Tak puas sampai disitu, Herman mulai melirik perguruan tinggi yang menurutnya akan memberikan sistem pendidikan terbaik. Saat itu, di tahun 1960, melalui segudang test yang cukup rumit, ia pun berhasil di terima di Fak. Sastra Universitas Indonesia, JurusanAnthropologi yang banyak berkutat dengan kebudayaan dan perilaku manusia sejak mulanya. Melalui jurusan ini pula ia sempat melakukan penelitian mendalam terhadap perilaku suku terasing Dhani di Papua pada tahun 1972, yang mengantarkannya mencapai gelar sarjana penuh.
Selama menjadi mahasiswa, pribadi yang tangguh dengan idiologi sosialisnya mulai terbentuk. Melihat banyak rekan – rekan seangkatannya yang lebih memilih jalur politik praktis untuk mencapai kemapanan. Ia dan rekan lainnya malah memilih alam sebagai media pengembangan diri. Menurutnya, hanya di alam kita bisa mengenal karakter masing – masing yang sebenarnya. Tak ada yang tersembunyi. Di alam pula kita bisa memupuk rasa solidaritas dan kecintaan terhadap ciptaan Tuhan yang bisa dinikmati.

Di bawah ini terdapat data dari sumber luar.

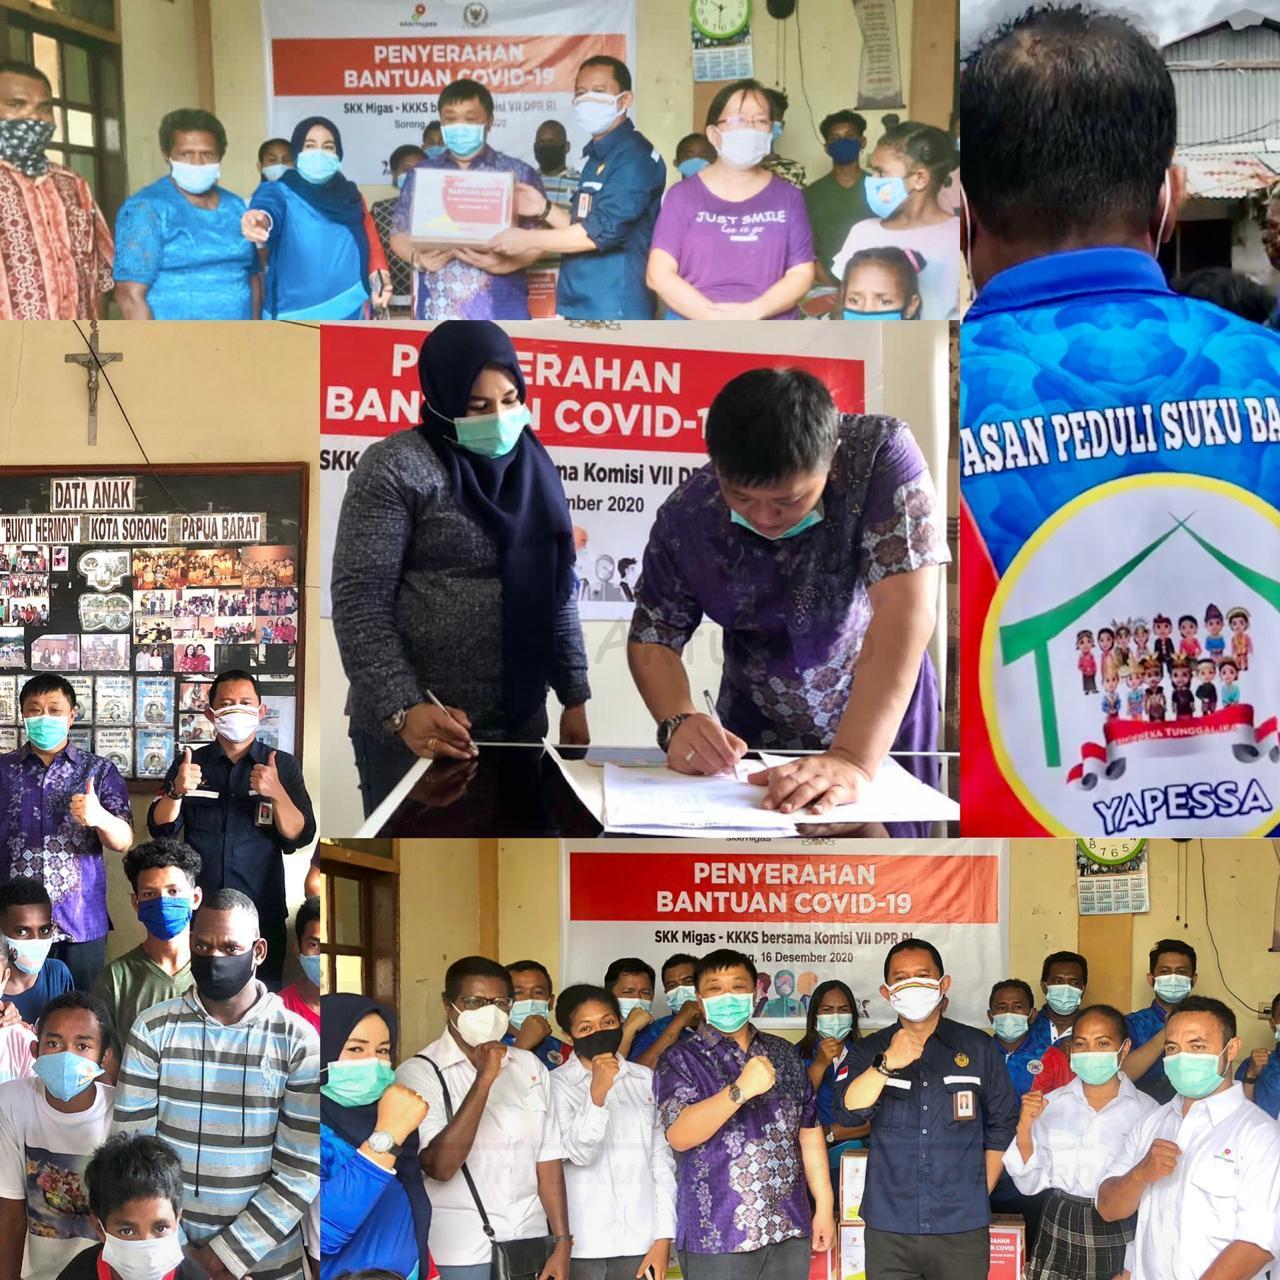 Di Bulan Kasih, SKK Migas Bersinergi Bersama DPR-RI Komisi VII Berbagi Bantuan COVID di Sorong 2 IMG 20201216 WA0107 1

“Politik tai kucing”, Begitu tutur Herman Lantang, sahabat Soe Hok Gie ketika senat mahasiswa tidak menjadi sesuatu seperti harapan Soe serta kawan – kawannya yang lebih memilih menikmati film dan naik gunung bukan serta – merta mengidentifikasi dirinya dalam organisasi mahasiswa tertentu di dalam kampus. Dalam jurnal harian Soe yang kemudian dibukukan dan dicetak oleh LP3ES “Catatan Seorang Demonstran”, Gie juga menulis bahwa politik itu kotor.